For this week’s renewal, the UN secretary-general and most of the Security Council want to revert to 12 months and reopen the Iraq crossing point. However, China might support Russia as it wants to see more aid going via Damascus. Moscow appears to be offering another six months, but with only one crossing, not two, in the northwest. The added imperative this time, if one were needed, is the coronavirus disease pandemic, as millions of Syrians — undernourished and in crowded and unsanitary camps — are particularly vulnerable due to their limited or even nonexistent access to health care. The UN says that 6.2 million Syrians live outside of Syrian government control, of whom 4.2 million require humanitarian assistance.

The Syrian regime has routinely claimed that aid coming across the Turkish border goes to terrorists. For the most part, aid agencies have to decide whether to operate in regime-controlled or opposition-controlled areas. The regime insists that all aid agencies, including the UN, go through Damascus should they wish to operate anywhere in Syria. In theory, this is correct, in that the sovereign government would normally exercise jurisdiction. But the harsh reality is that Damascus has consistently politicized aid, deciding who gets its and who gets the related contracts (i.e., regime cronies). It is a regime that has deployed the starvation of civilians as a weapon of war and has been the party responsible for nearly all of the 595 attacks on more than 350 health facilities in the last nine years. For these reasons, cross-line aid has never been sufficient to replace cross-border supplies.

The area covered by cross-border aid has shrunk as the regime has restored its control over larger areas of Syria. However, 4 million people in Idlib in the northwest are more dependent on cross-border aid than ever, which is why the number of trucks crossing every month has rocketed to record levels. The regime claims these people are terrorists and, while extremist groups are present, most are civilians, with many of them internally displaced. 

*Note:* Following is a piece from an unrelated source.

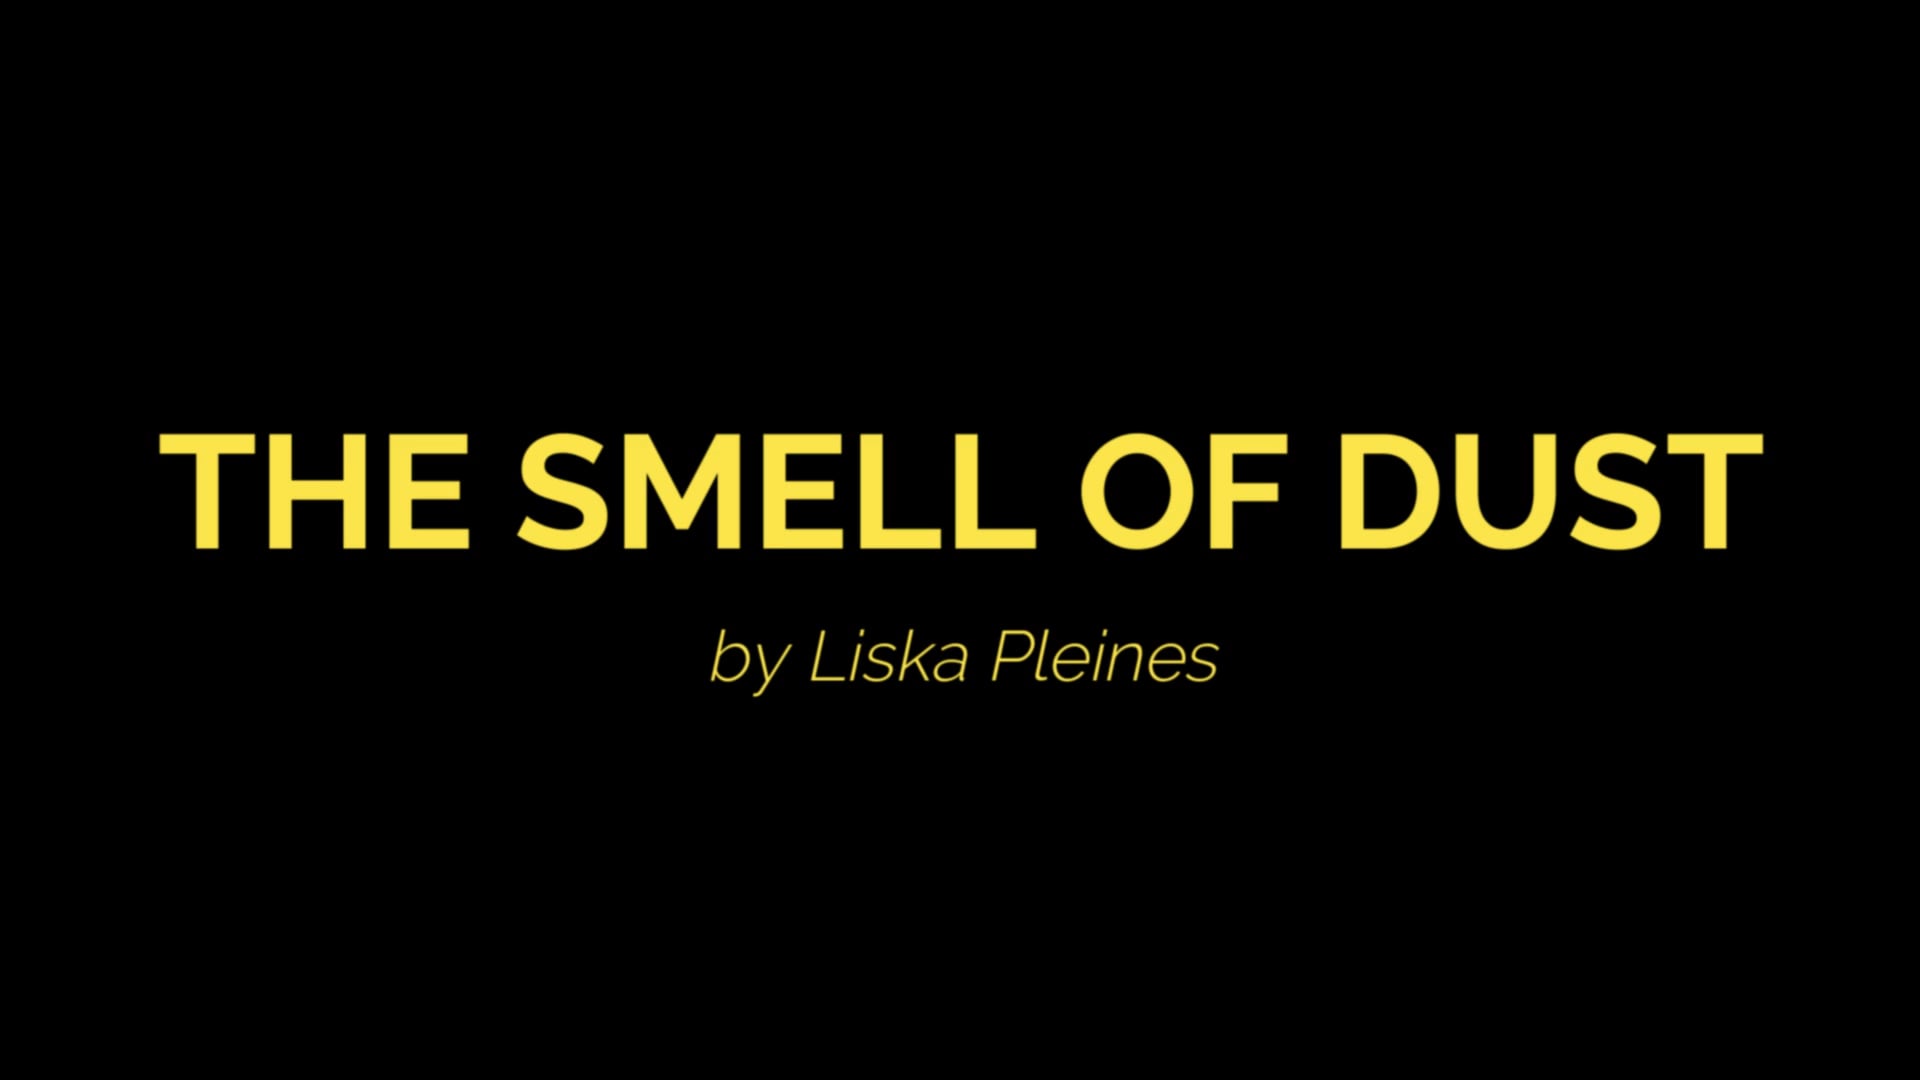 THE SMELL OF DUST

If Russian stonewalling does lead to a veto of the current draft German-Belgian resolution at the Security Council, it would mean no World Health Organization delivery of medical supplies, including coronavirus testing kits. The World Food Programme would also not be able to take food parcels in for the near-starving. In short, it risks an incalculable and catastrophic humanitarian event.

All of this matters even more because of the horrendous financial meltdown Syria is experiencing. The UN says food prices are 200 percent higher than this time last year. Food has never been more expensive in the nine years of conflict. The Syrian pound has collapsed and, with it, the population’s purchasing power. A mix of causes includes the war itself, the Lebanese economic crisis, the coronavirus pandemic, and the perennial cronyism of the regime. Who knows how many billions of dollars Syrians have trapped inside the Lebanese banking system? On top of this are US and EU sanctions that render any economic recovery far harder, with the most recent American sanctions under the so-called Caesar Act entering into force last month. 

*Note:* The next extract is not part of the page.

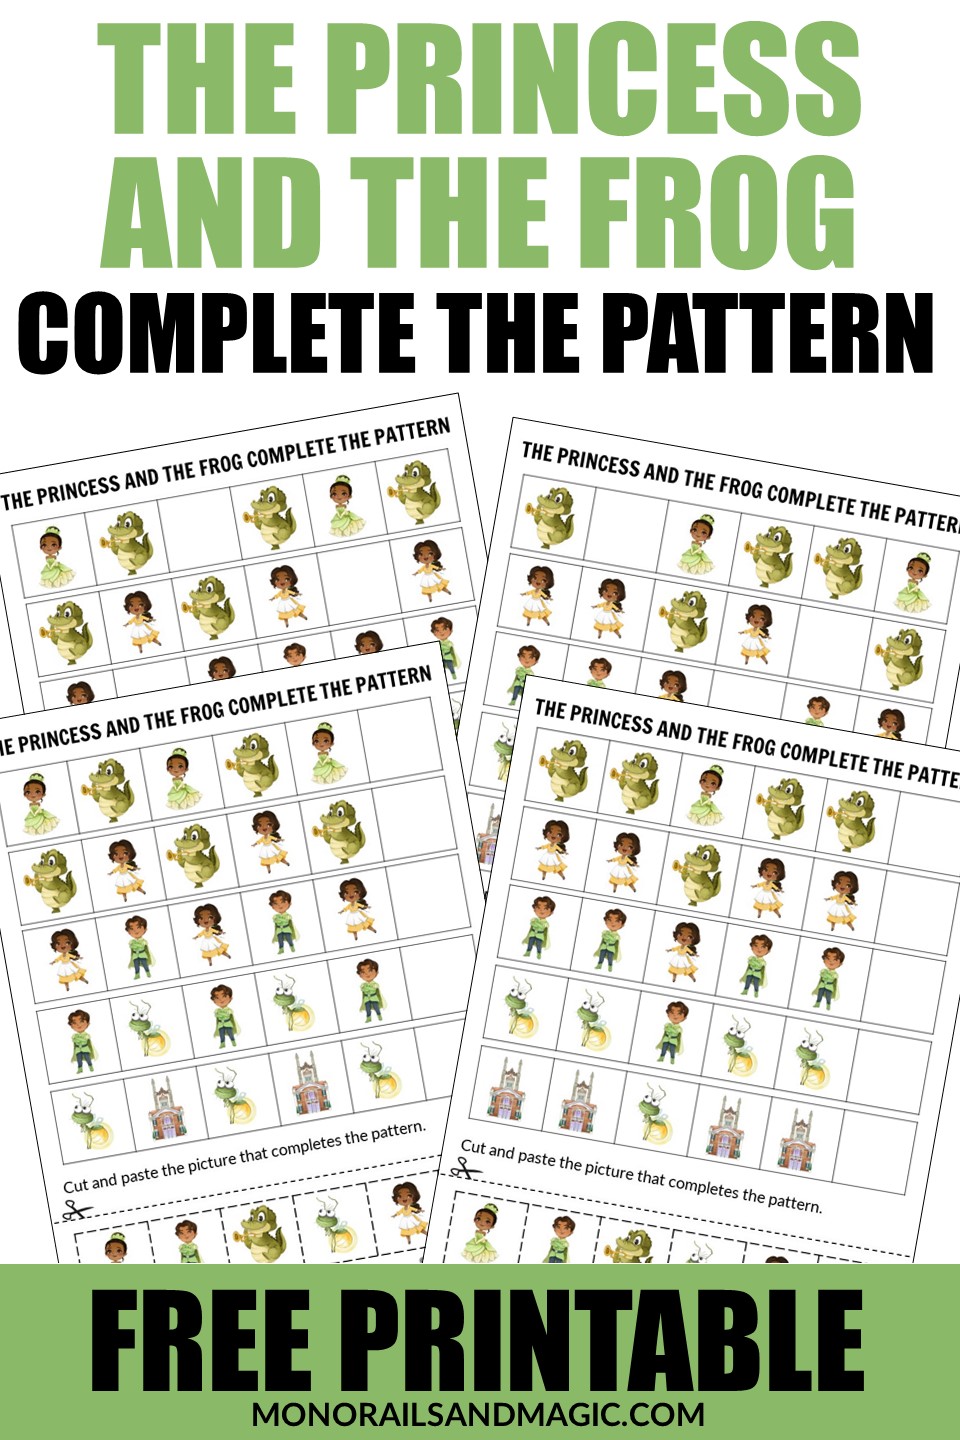 Free printable The Princess and the Frog complete the pattern activity for kids.

If the current draft resolution is vetoed, it risks an incalculable and catastrophic humanitarian event.

Chris Doyle

The fate of the Syrian economy has become perhaps the key humanitarian issue. If this is not addressed, no amount of aid will be sufficient. The UN sought $10 billion in aid for Syria but, at the EU-UN Brussels IV Conference at the end of June, only €6.9 billion ($7.7 billion) was pledged. This goal speaks volumes about the impending disaster — all the more so if major fighting resumes over Idlib. 

As ever with Syria, the priority is never the humanitarian situation facing civilians. Russia will, in all likelihood, determine its position not on aid access grounds and need, but the state of talks between itself and Turkey over the future of Idlib. Civilians are pawns in the great game, just as Turkey uses refugees to blackmail the EU and various EU states barricade their borders to avoid taking their fair share. What might trouble the Syrian regime are not the starving masses, but the increasing numbers back on the streets ready to protest once more.